For the period from 2007-10, the first multi-annual indicative programming phase of EU sugar-sector adjustment support, a total of €615,324,000 was allocated in support of the various national adaptation strategies. The performance in terms of utilisation of funding has varied considerably between countries. In general, countries receiving assistance in the form of budgetary support have enjoyed faster rates of commitments and disbursements than under a conventional programme approach: aggregated across the countries concerned, disbursements as a percentage of funds allocated are four times higher, with total disbursements more than 10 times the volume (see tables in Annex for details).

The most successful country at utilising the sugar-protocol accompanying measures funding in the form of budgetary support has been Mauritius: by April 2009, over half of its allocation for the 2006-08 period (€39.8 million out of a total of €74.866 million) had been disbursed. In comparison, other southern and eastern African sugar-protocol accompanying measures beneficiaries were able to disburse only 11% of their allocated funding over the same period, largely using programme-based aid-deployment processes. In one case the secondary commitment rate was not rapid enough to retain the full initial allocation, and some €11.1 million of funds initially allocated were withdrawn from the programme.

The success of the Mauritius programme can be attributed to the existence of a pre-existing restructuring programme, behind which a broad stakeholder consensus had been built. It was characterised by:

  • an active policy of diversification of revenue streams from sugar cane production;
  • a market-led policy for repositioning Mauritian sugar exports on the EU market, including a redefinition of the routes to market;
  • the implementation of a rigorous cost-reduction programme at field and factory levels, including a rationalisation of production;
  • the establishment of mechanisms to distribute the benefits of restructuring across all stakeholders;
  • a broad stakeholder consensus on the strategies to be pursued;
  • effective public administration for the deployment of pump-priming support to the production process;
  • a strong financial involvement of the private sector in the financing of overall restructuring;
  • a close coordination of sugar-sector restructuring with broader economic adjustment processes;
  • the maintenance of an ongoing and constructive dialogue between the private sector, governments and the local EC delegation, which greatly facilitated implementation.

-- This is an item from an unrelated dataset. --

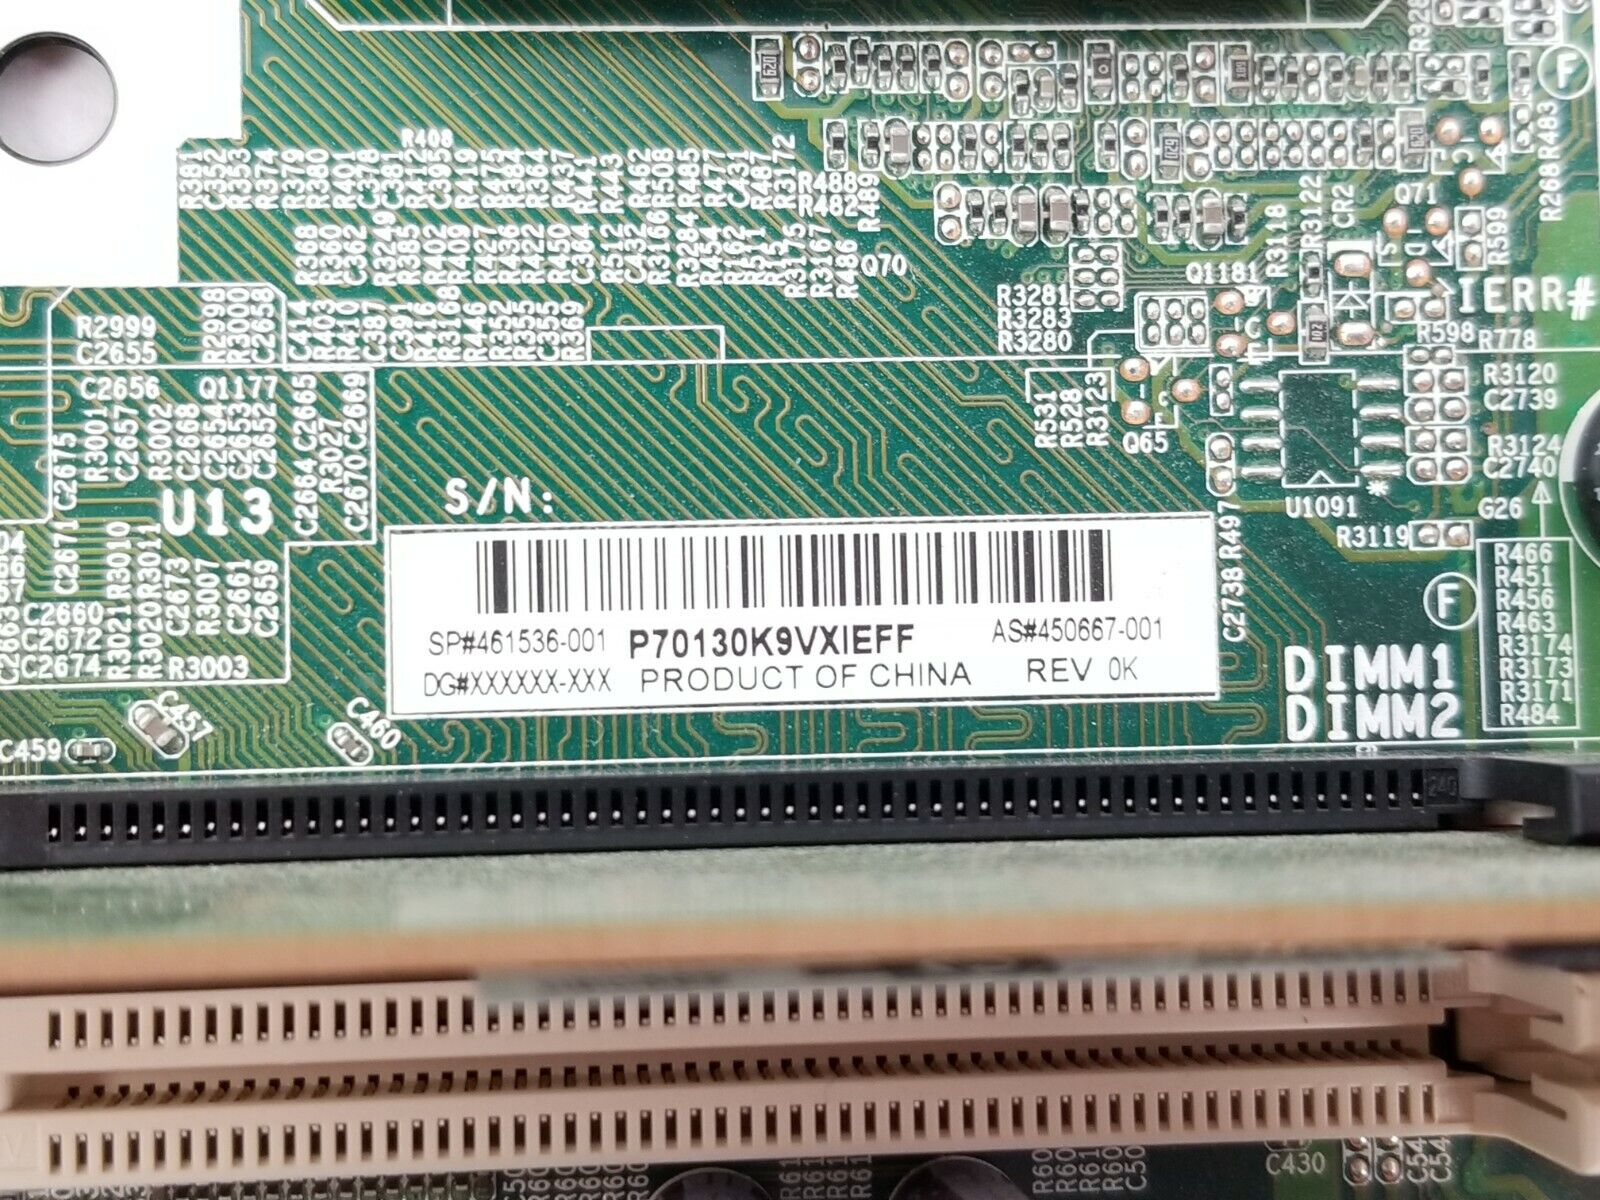 HP 450667-001 Compaq DCS5800 SFF Motherboard Intel Core 2 Duo E7400 2.8GHz 2GB R

This has facilitated not only a rapid disbursement of available EC assistance, but also its effective deployment in support of a coherent, multi-faceted, market-led production and trade adjustment process. It has also facilitated the mobilisation of additional EU support in the form of loans from the European Investment Bank (EIB) for the expansion of sugar refining capacity.

Indeed, in no other budgetary-support-based sugar-protocol accompanying measures programme have all these elements come together in quite the same way. Without a similar combination of factors to those in Mauritius, implementation problems have arisen for other countries receiving sugar-protocol accompanying measures assistance in the form of budgetary support. In some instances this is despite the initial achievement of high initial disbursement rates. In the case of Jamaica, which had disbursed 55.5% of allocated funds by April 2009, further disbursements were suspended when the sugar industry privatisation process was halted. This arose when the favoured bidder could no longer raise the necessary capital in the light of the global financial crisis. This suspension affected €30 million in EU budgetary support. In the case of Guyana, where some 43.8% of allocated funding had been disbursed by April 2009, some €6 million in funding was lost following the late submission of GUYSUCO’s business plan.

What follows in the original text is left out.